[BRIEF]
Please return the full listing word for word, leaving out any pictures.

[RECORDED DATA]
•••••

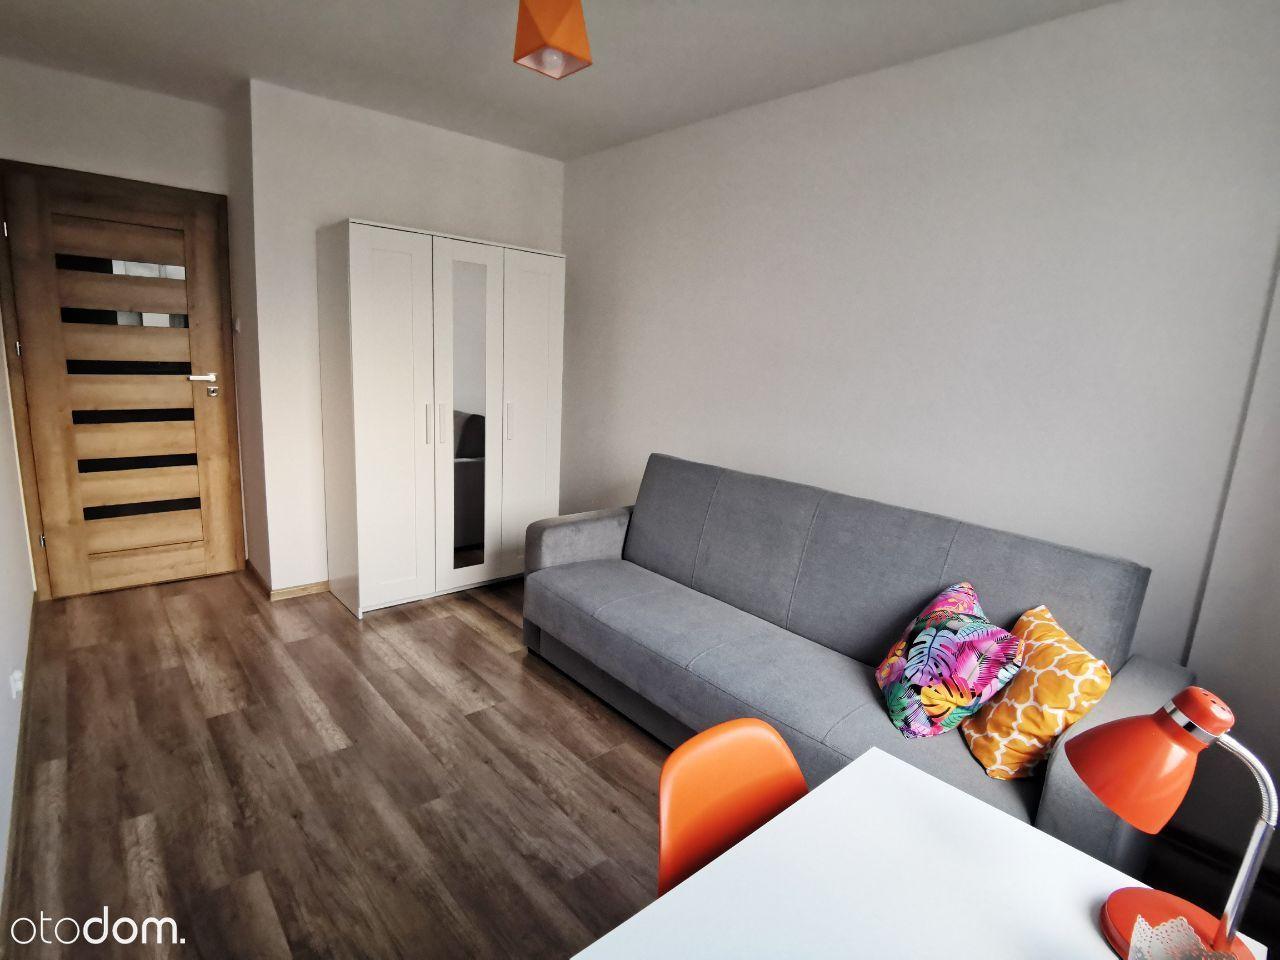 Nowy pokój na zielonym i chronionym osiedlu!
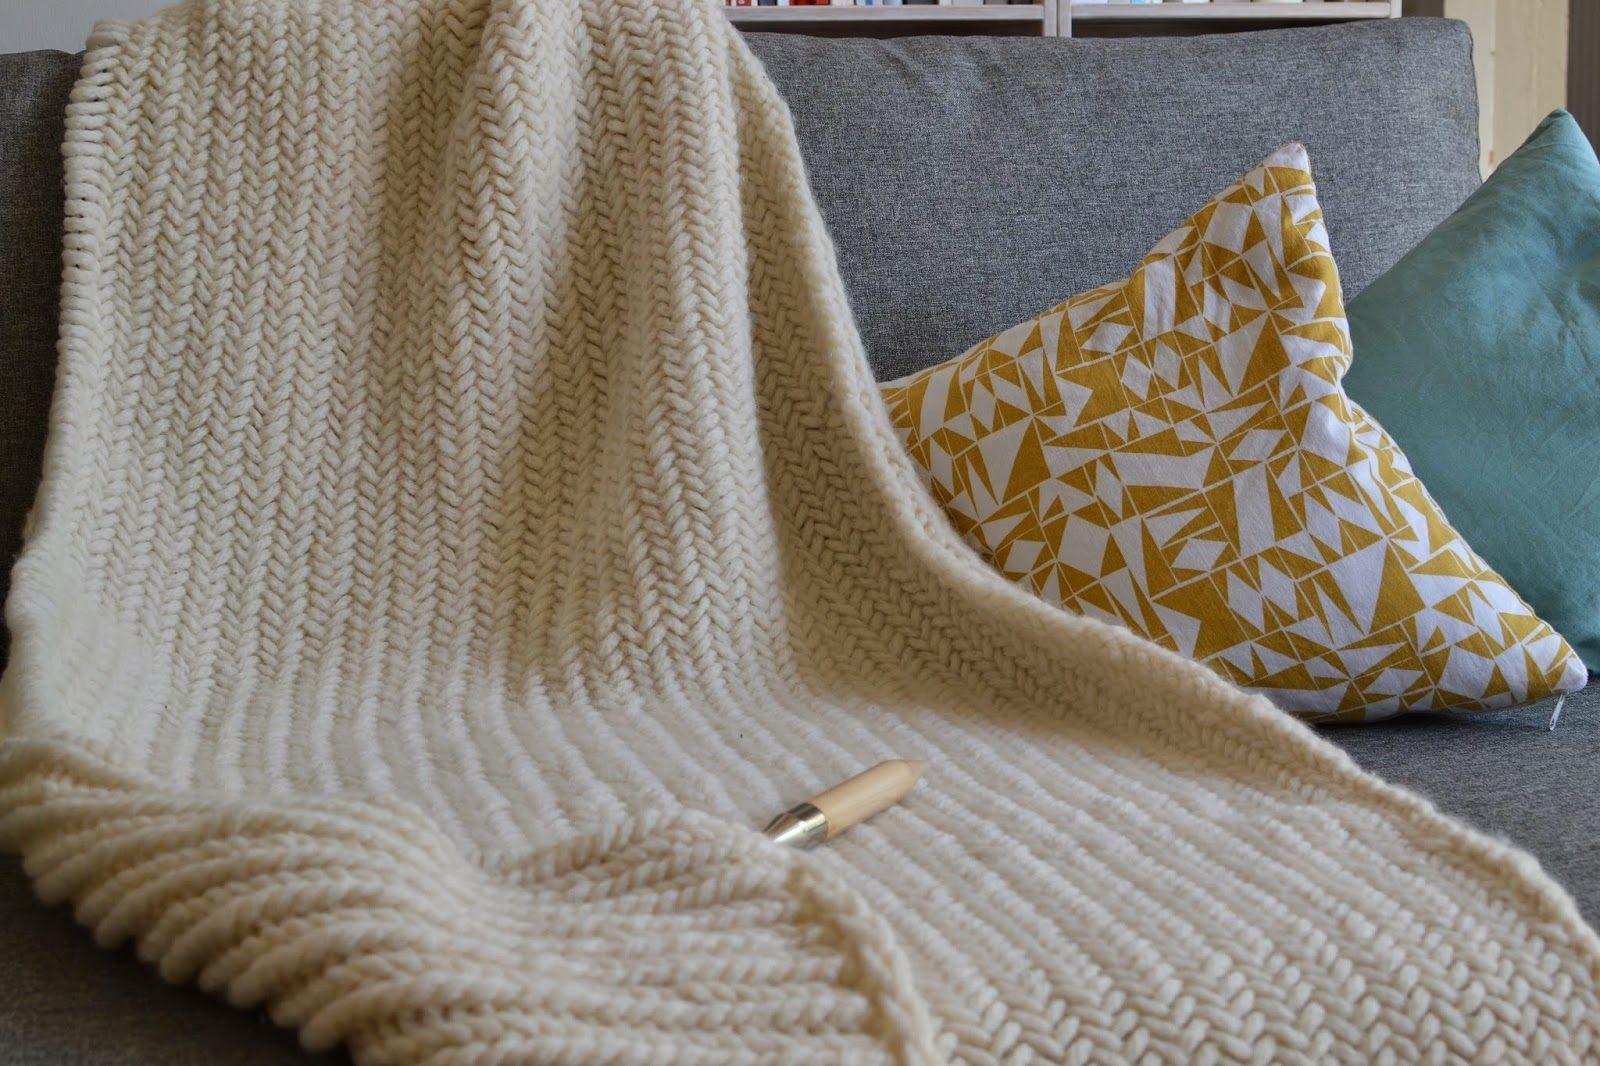 Anleitung: Decke stricken | Decke | Pinterest | Tagesdecken ...
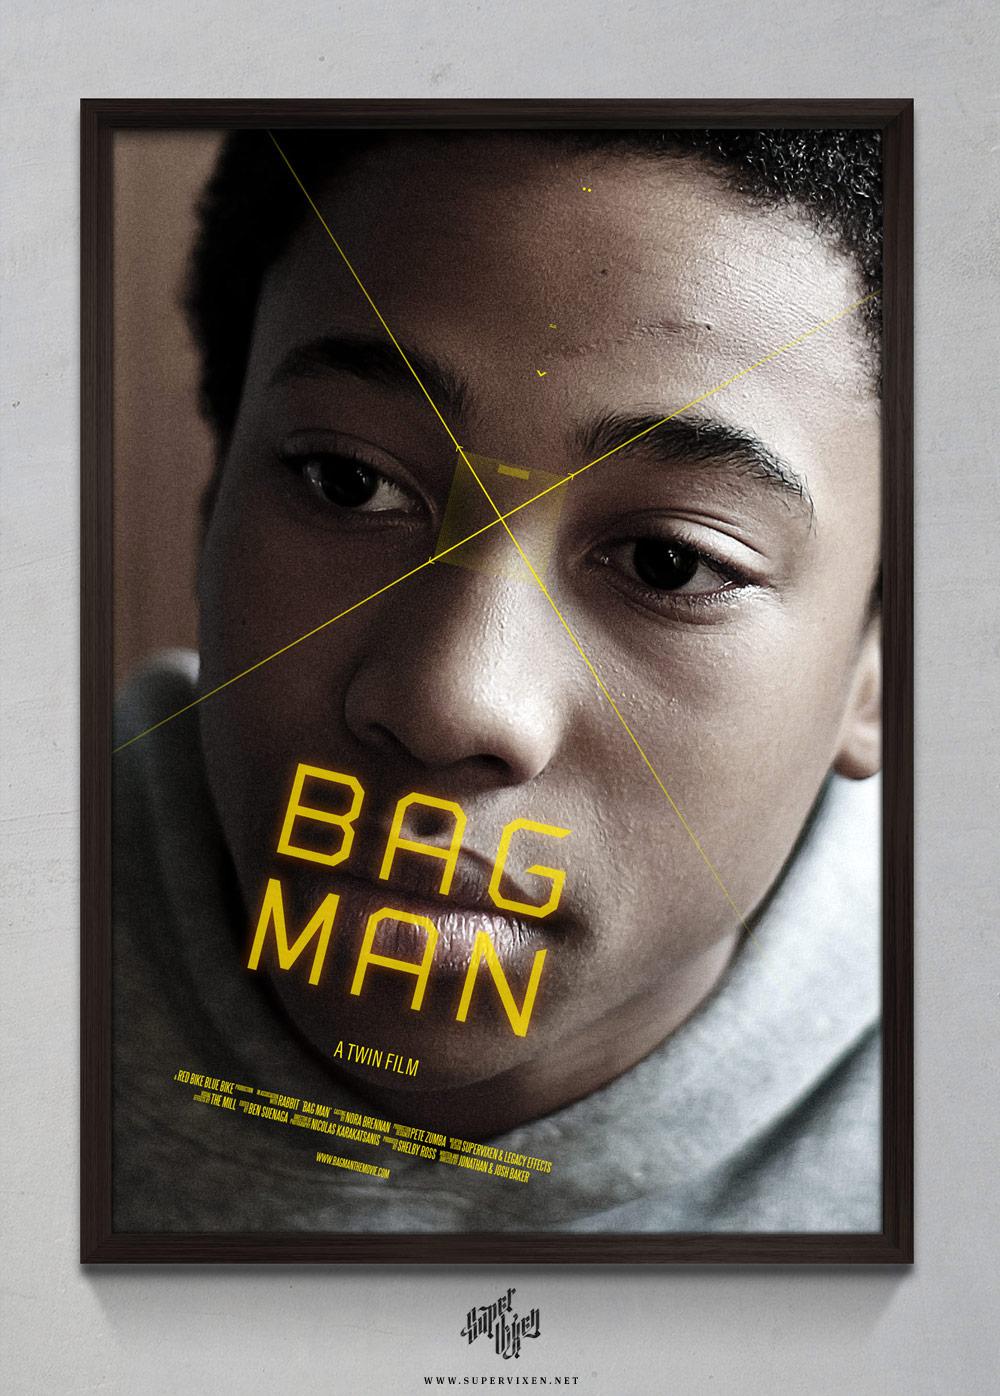 BM_Poster_Framed_06.jpg
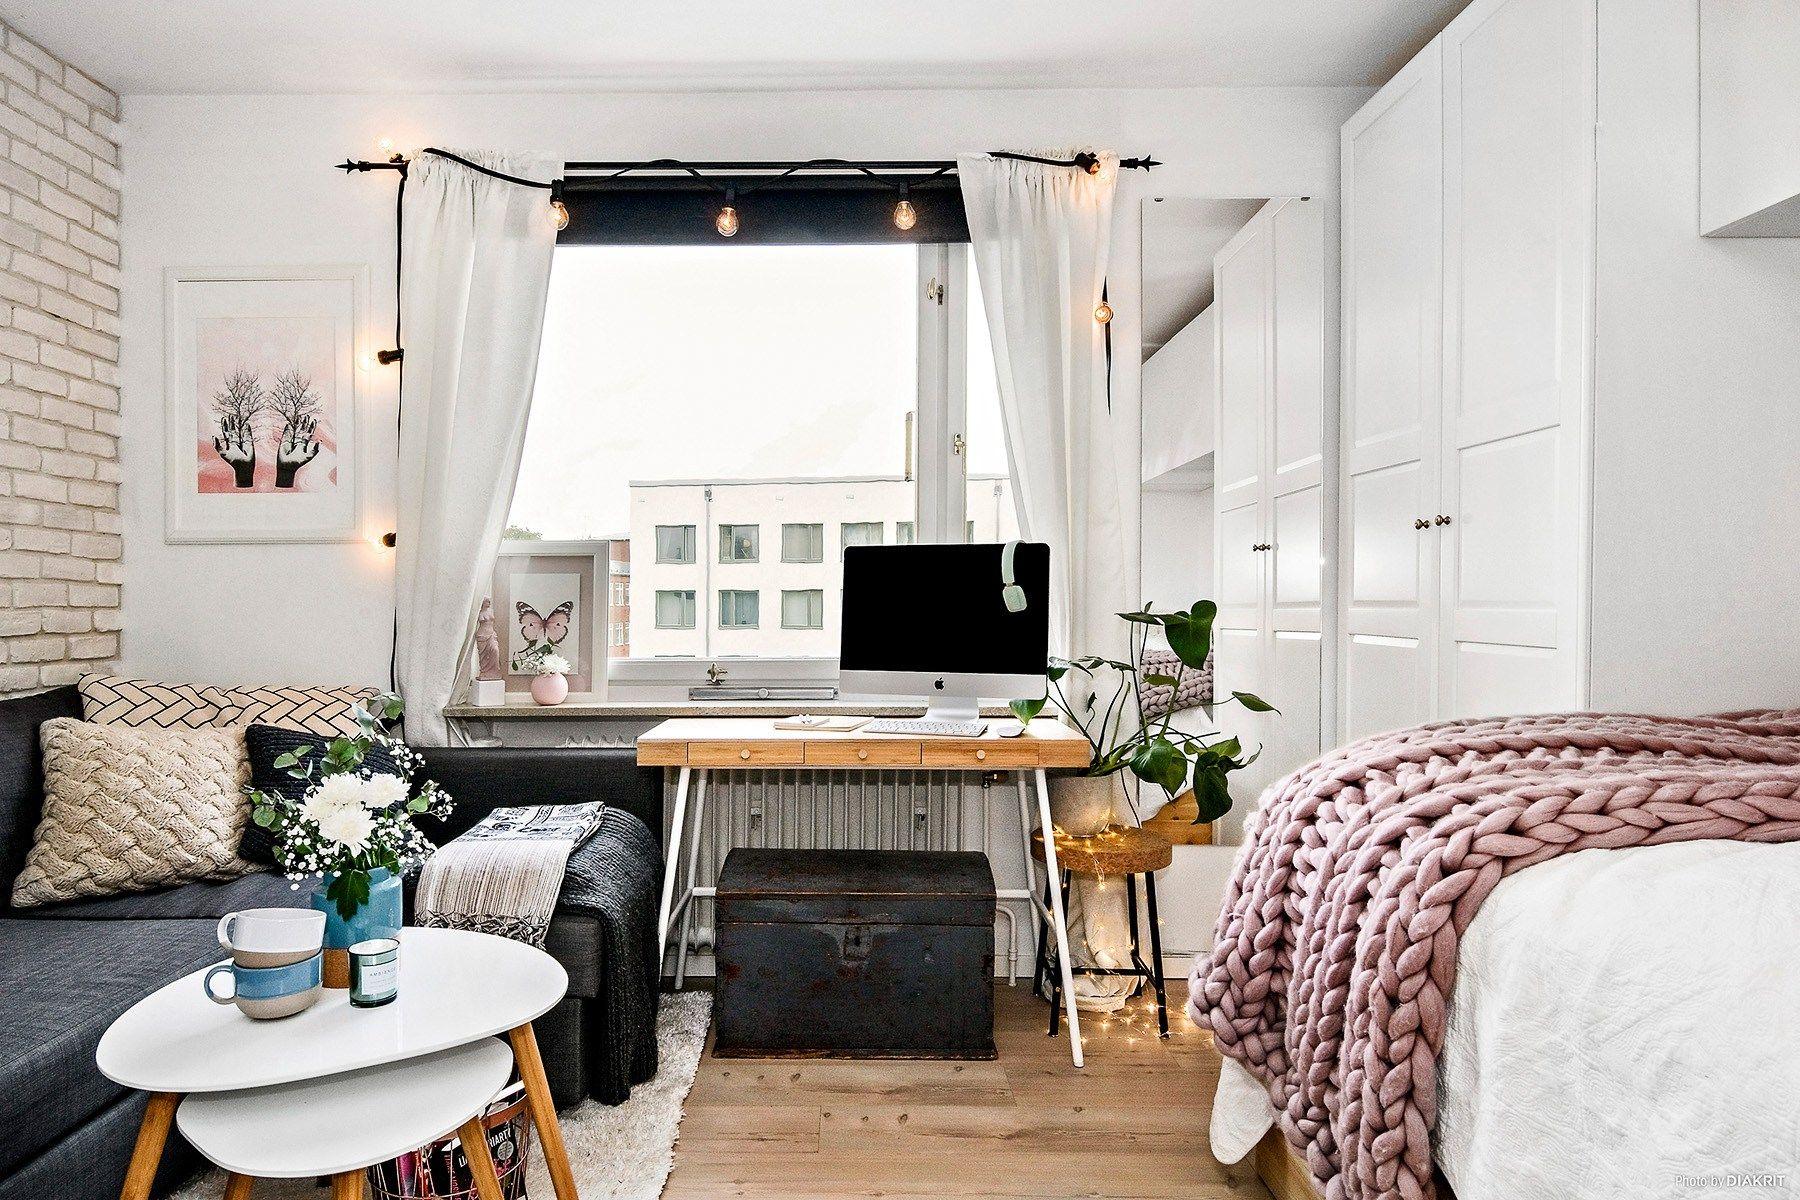 17+ Comment amenager un petit appartement trends

•••••

[RESPONSE BOX]
 Nowy pokój na zielonym i chronionym osiedlu!
 Anleitung: Decke stricken | Decke | Pinterest | Tagesdecken ...
 BM_Poster_Framed_06.jpg
 17+ Comment amenager un petit appartement trends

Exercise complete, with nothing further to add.